▸ Exercise aim
From the line containing "Animals Throw Pillow" to the line containing "3D models of wicker baskets with mushrooms." in the records below, set down every line exactly as it stands, both ends included, and skip the pictures.

▸ Stored data

****

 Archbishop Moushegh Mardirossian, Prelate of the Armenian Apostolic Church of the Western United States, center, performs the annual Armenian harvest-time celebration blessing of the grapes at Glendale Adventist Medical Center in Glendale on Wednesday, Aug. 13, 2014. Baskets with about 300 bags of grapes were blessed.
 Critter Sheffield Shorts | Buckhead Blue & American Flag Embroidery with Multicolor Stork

****

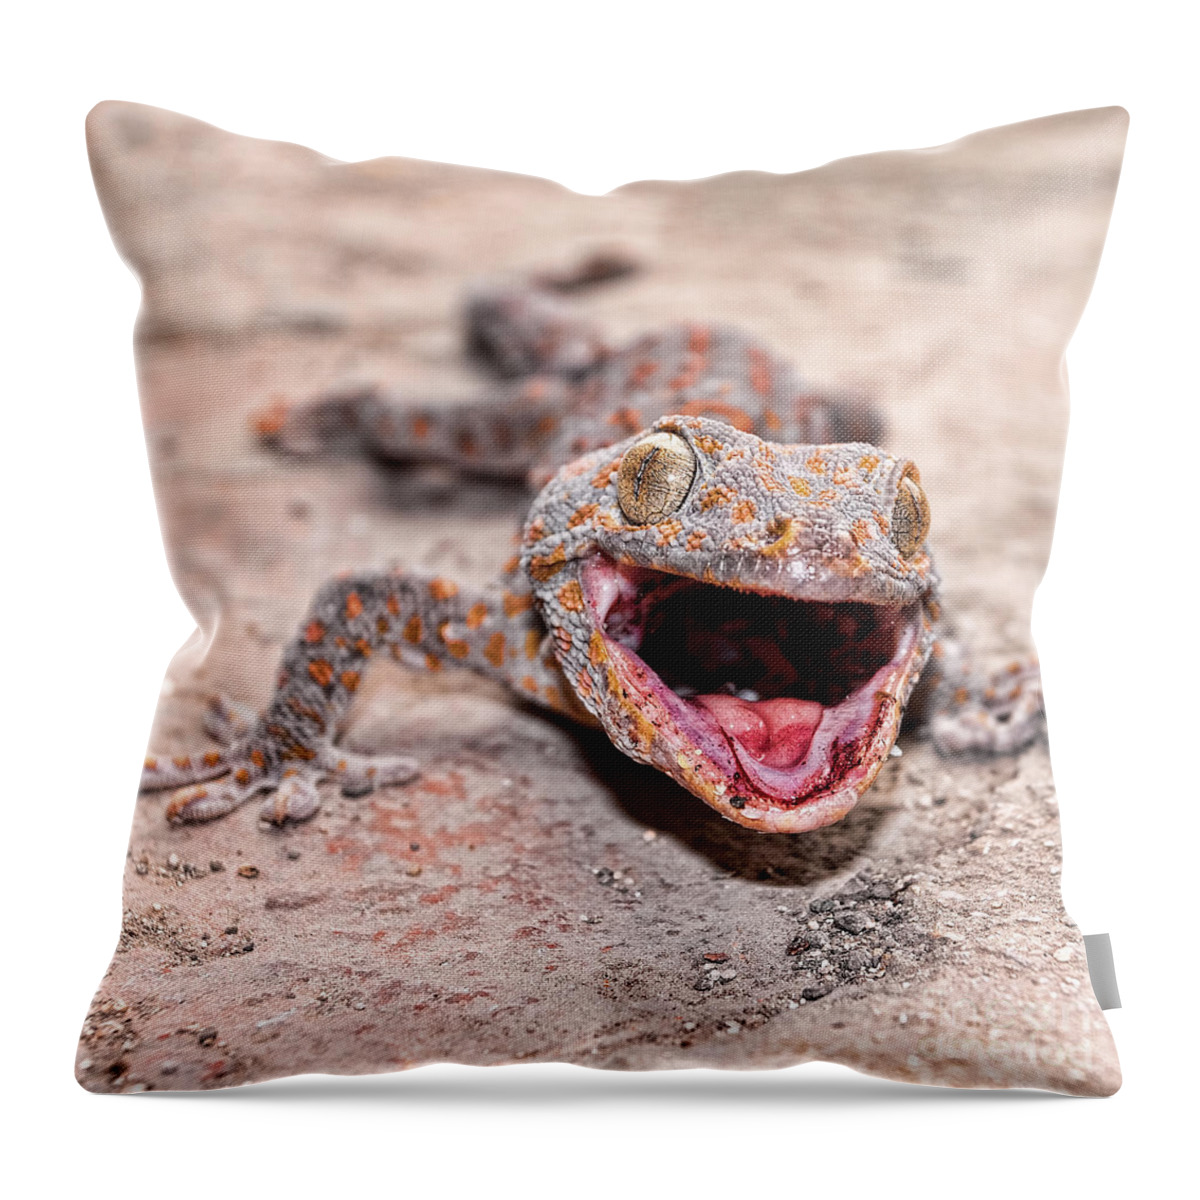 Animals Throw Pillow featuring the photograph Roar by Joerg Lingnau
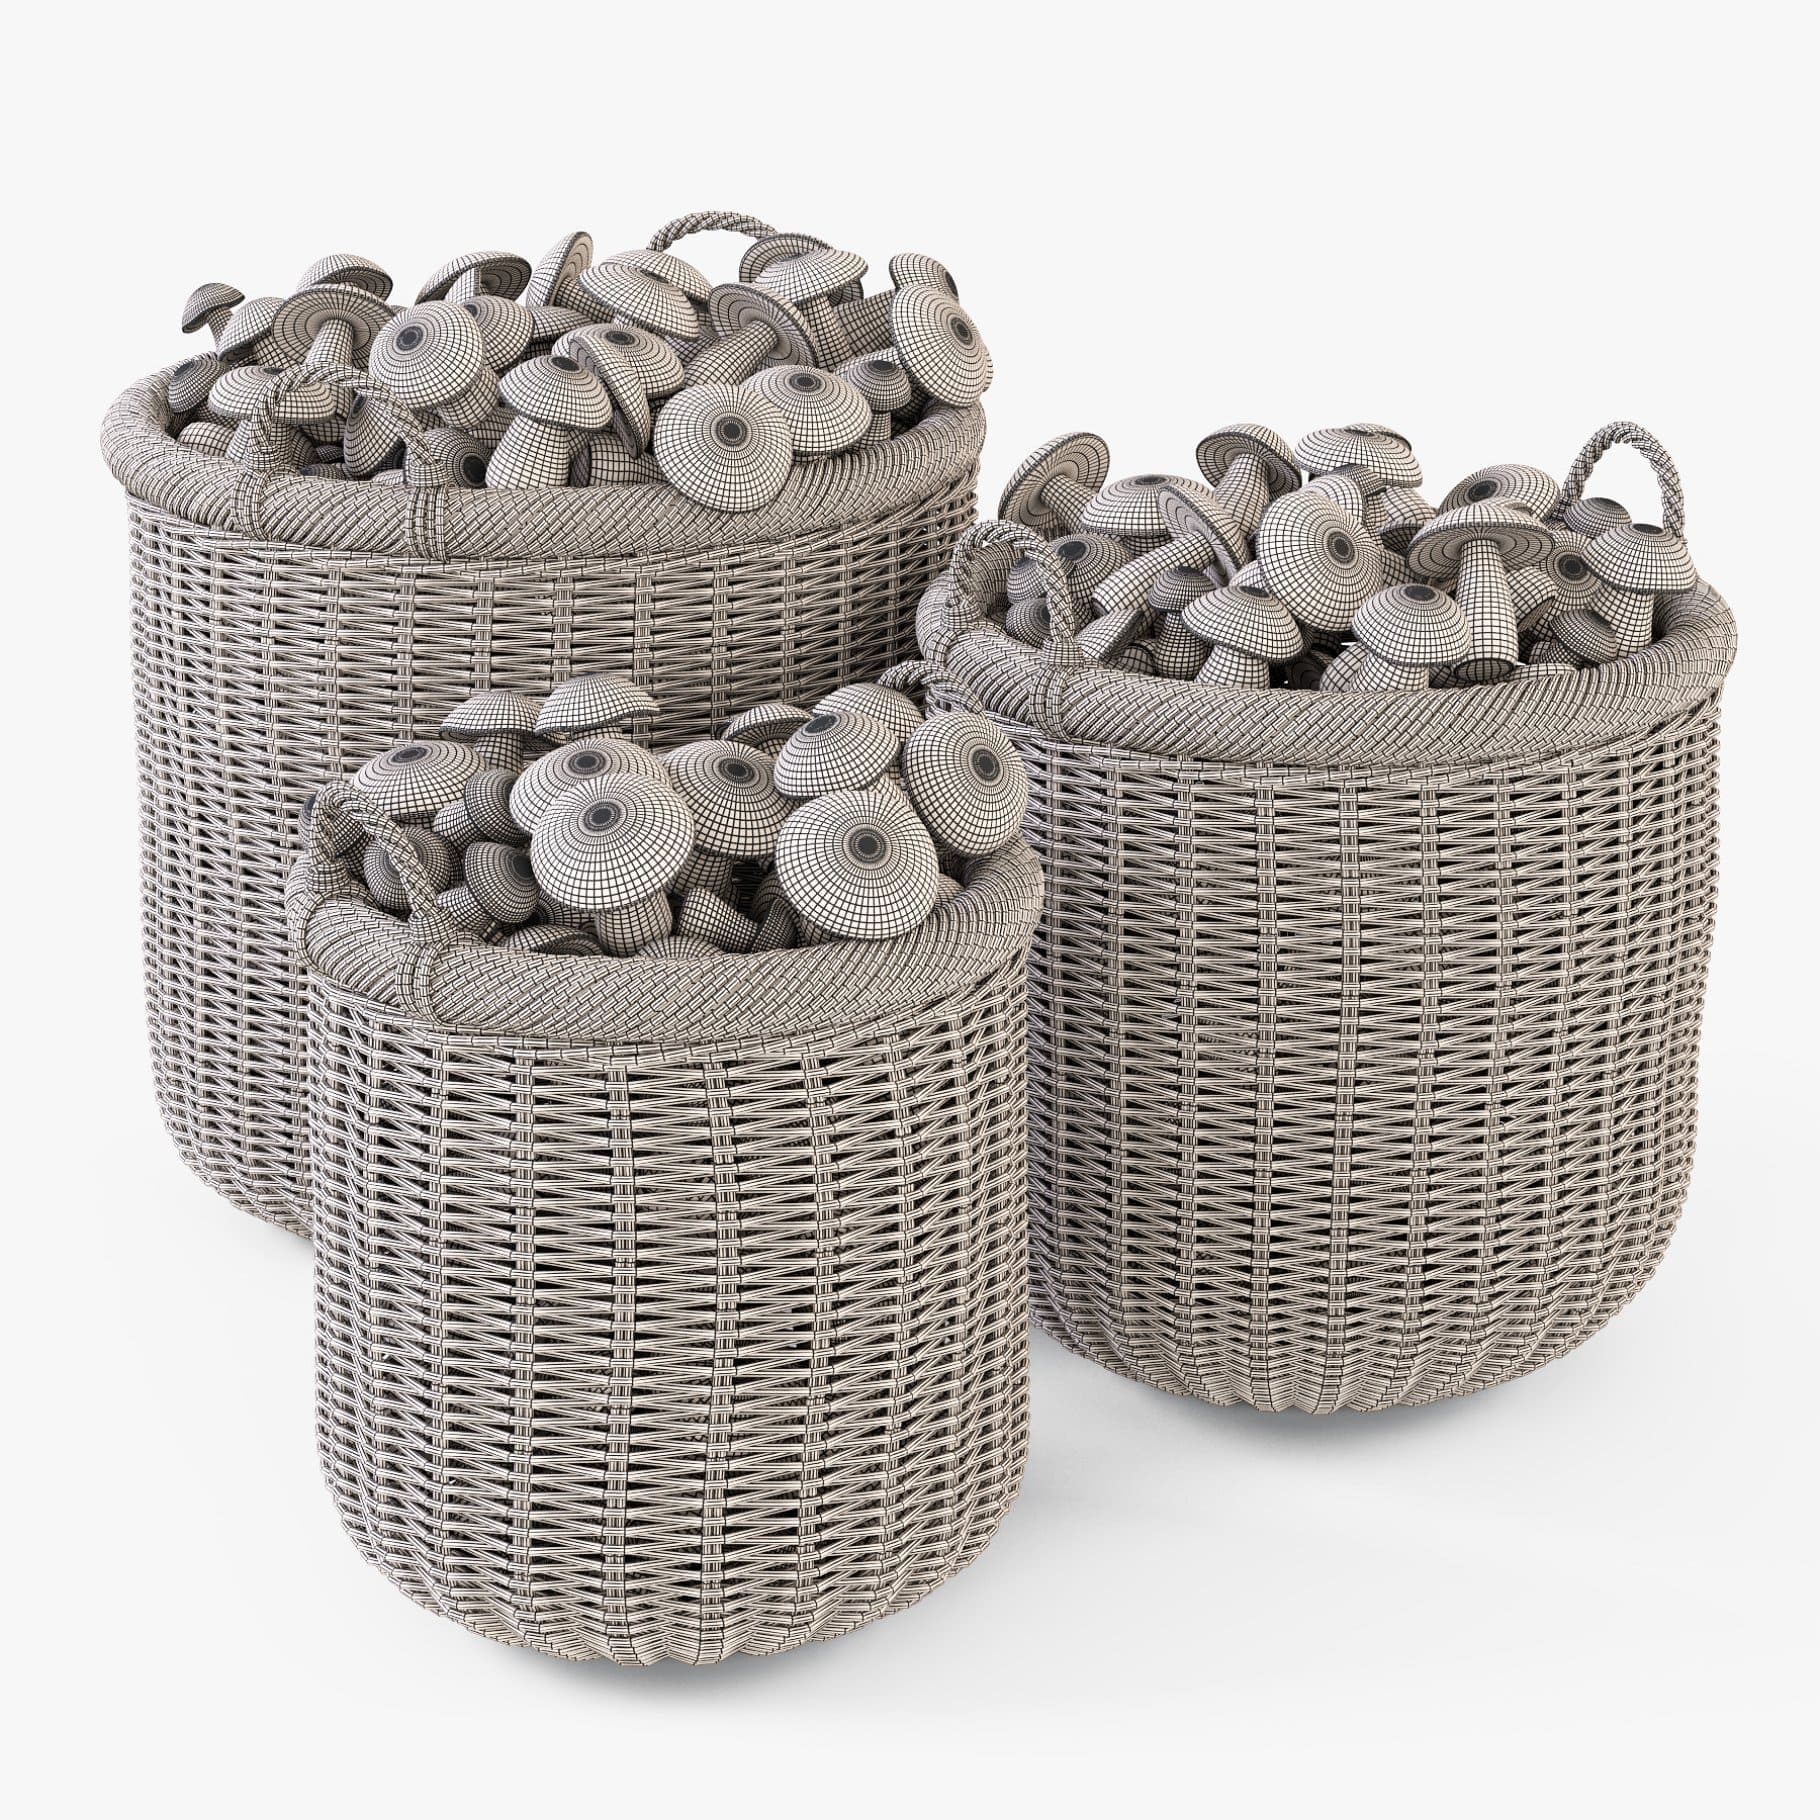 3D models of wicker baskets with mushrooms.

****

▸ Response area
 Animals Throw Pillow featuring the photograph Roar by Joerg Lingnau
 3D models of wicker baskets with mushrooms.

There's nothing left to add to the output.